La intervención de Fidel Castro, conocida como Palabras a los intelectuales, en junio de 1961, abrió caminos para la formulación de una política cultural democrática, abierta, inclusiva, empeñada en defensa de los valores patrimoniales y por la más amplia diversidad de enfoques estéticos.
«Los escritores, artistas y promotores culturales cubanos, en abrumadora mayoría (...) se identifican con los valores humanistas de una sociedad que reconoce sus esenciales aportes». fotos: Obra de Kcho (Cubadebate.cu) Foto: Cortesía Kcho Estudio
¿Conflictos, contradicciones? Los ha habido. ¿Interpretaciones dogmáticas y retrocesos? También. Sobre los tropiezos, obstáculos y limitaciones en la aplicación de esa política existen estudios cuyas conclusiones pueden o no ser compartidas en su totalidad, pero ofrecen tanto abundante información sobre hechos, procesos y contextos como muchas atinadas observaciones. Basta con repasar Polémicas culturales de los 60, selección y prólogo de Graziella Pogolotti (2006); La política cultural del periodo revolucionario: memoria y reflexión, editado por Eduardo Heras León y Desiderio Navarro (2008); El 71, anatomía de una crítica, de Jorge Fornet (2013); Decirlo todo; políticas culturales (en la Revolución Cubana), de Guillermo Rodríguez Rivera (2018) y, antes aún, Cambiar las reglas del juego, de Armando Hart (1983).
Lo que nadie podrá negar es el compromiso de las instituciones con el respaldo, gestión y promoción de la obra de los creadores y la implicación de la inmensa mayoría de los escritores y artistas con dichas instituciones. Ese vínculo se fundamenta en el diálogo respetuoso y el debate sistemático. Cuando estos se llevan a cabo sobre la base de la más absoluta transparencia y altura ética, ganan los creadores, las instituciones y la cultura.
Es por ello que el Ministerio de Cultura y sus instituciones refuerzan la comunicación con la UNEAC, la AHS, las fundaciones y asociaciones, los centros guiados por creadores de vanguardia y el movimiento intelectual y artístico en general y asume como deber informar a los escritores y artistas acerca de la marcha de su gestión y escucha criterios, no para cumplir con un trámite formal sino para ofrecer respuestas y corregir decisiones.
Entre las prioridades del sector se trabaja –y habrá que hacerlo con mayor énfasis y vocación– para que los directivos sientan la obligación de asistir, como parte sustancial de su labor a espectáculos, conciertos, exposiciones, presentaciones de libros, charlas, debates y encuentros de las organizaciones de creadores, y comprendan que esa relación se construye más allá de asambleas y reuniones.
Sobre la base de tales premisas, se observa un clima de confianza y entendimiento que se expresa en el poder de convocatoria institucional y la participación activa de escritores y artistas en proyectos muchas veces nacidos de su propia iniciativa.
Esa realidad incomoda a algunos y trata de ser subvertida por otros.

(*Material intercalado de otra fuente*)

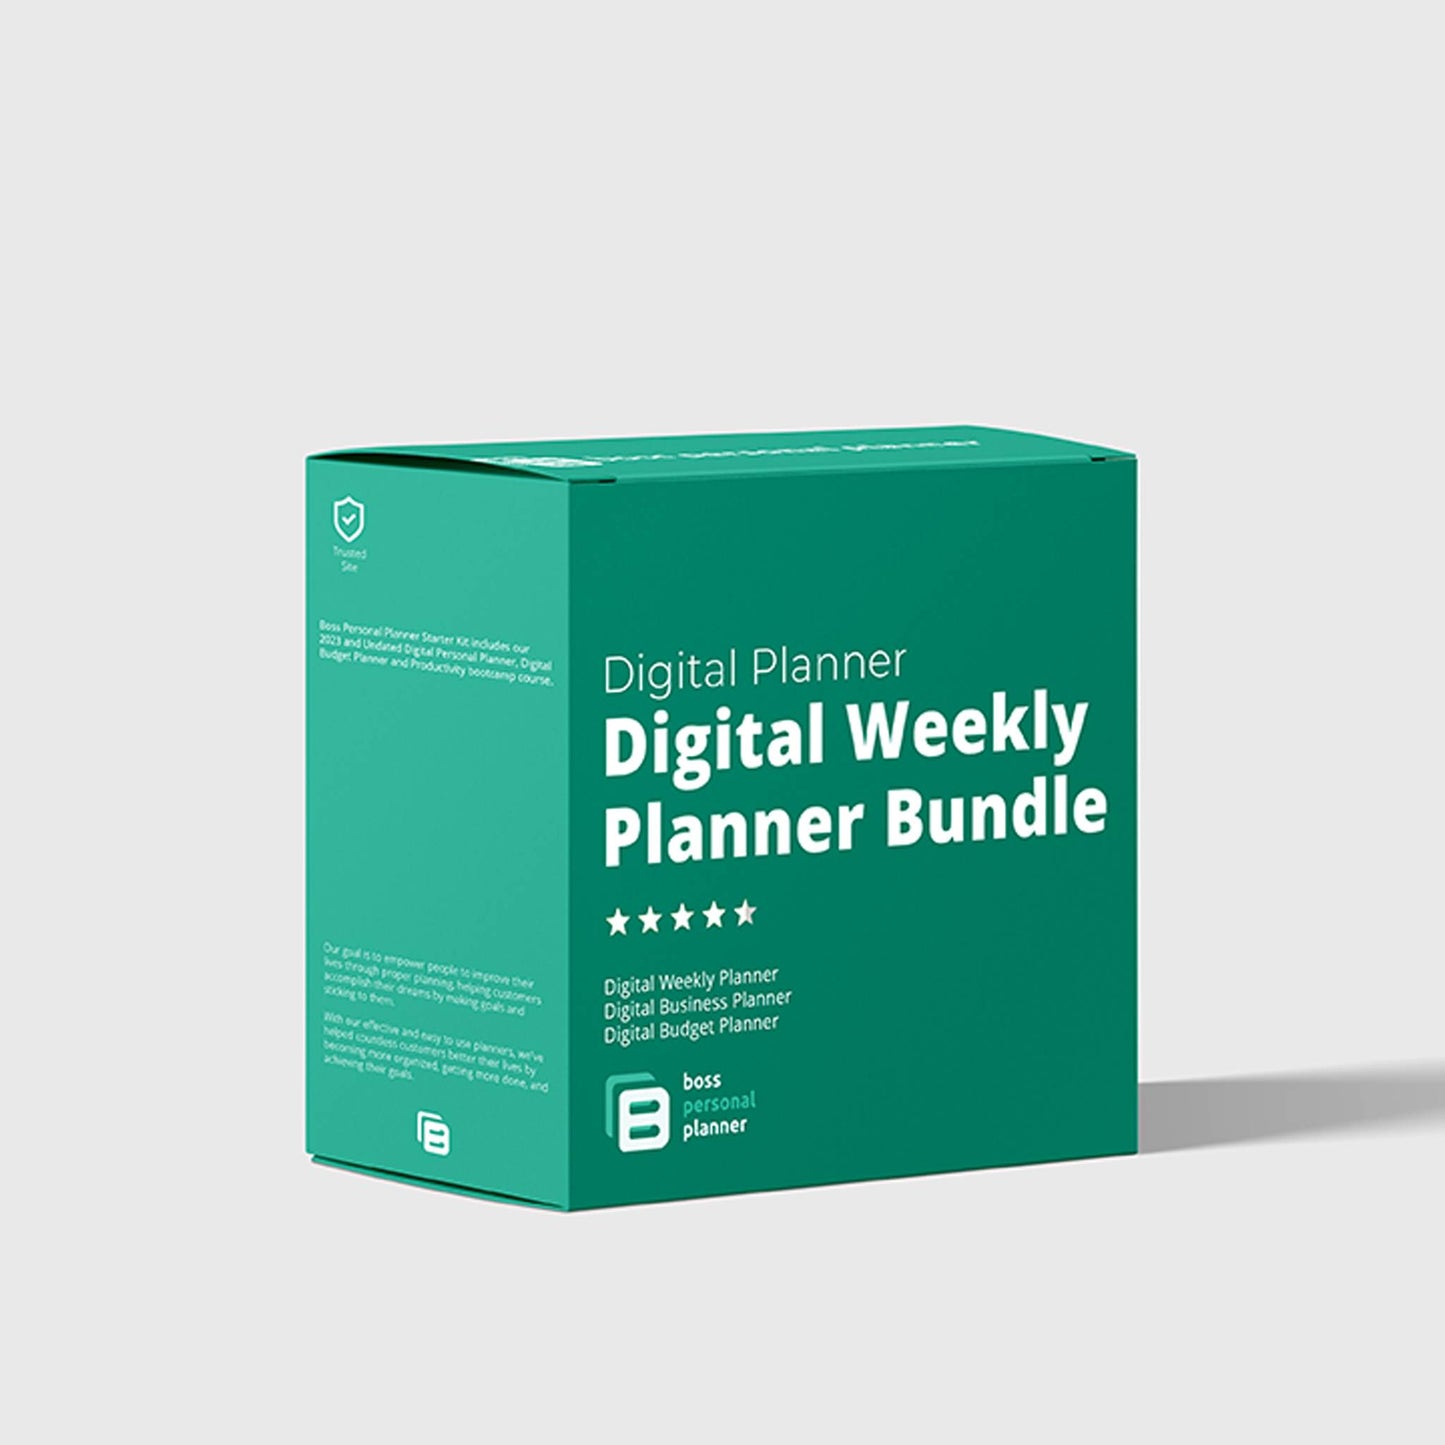 Digital Weekly Planner Bundle

En la mira de unas cuantas agencias y organizaciones extranjeras, que responden directa o disimuladamente a los intereses de Estados Unidos, se incuba la idea de fracturar esa confianza. Apelan unas veces a becas y sinecuras, otras a supuestas facilidades promocionales; alientan ilusiones de éxito rápido y fácil y propician efímeros escándalos mediante manipulaciones mediáticas. De un modo u otro, tratan de minar el prestigio y la credibilidad de las instituciones, y de arrastrar a los que consigan atraer a su juego.

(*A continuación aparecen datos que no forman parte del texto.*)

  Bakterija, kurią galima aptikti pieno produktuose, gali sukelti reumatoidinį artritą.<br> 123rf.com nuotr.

En la medida que sea más eficiente la gestión y más consistente la programación y los servicios que los organismos y centros culturales presten a creadores y públicos, habrá mucho menos espacio para los proyectos subversivos.
De todos modos, la respuesta más contundente está a la vista: los escritores, artistas y promotores culturales cubanos, en abrumadora mayoría, no se dejan tentar por maniobras divisionistas y se identifican con los valores humanistas de una sociedad que reconoce sus esenciales aportes.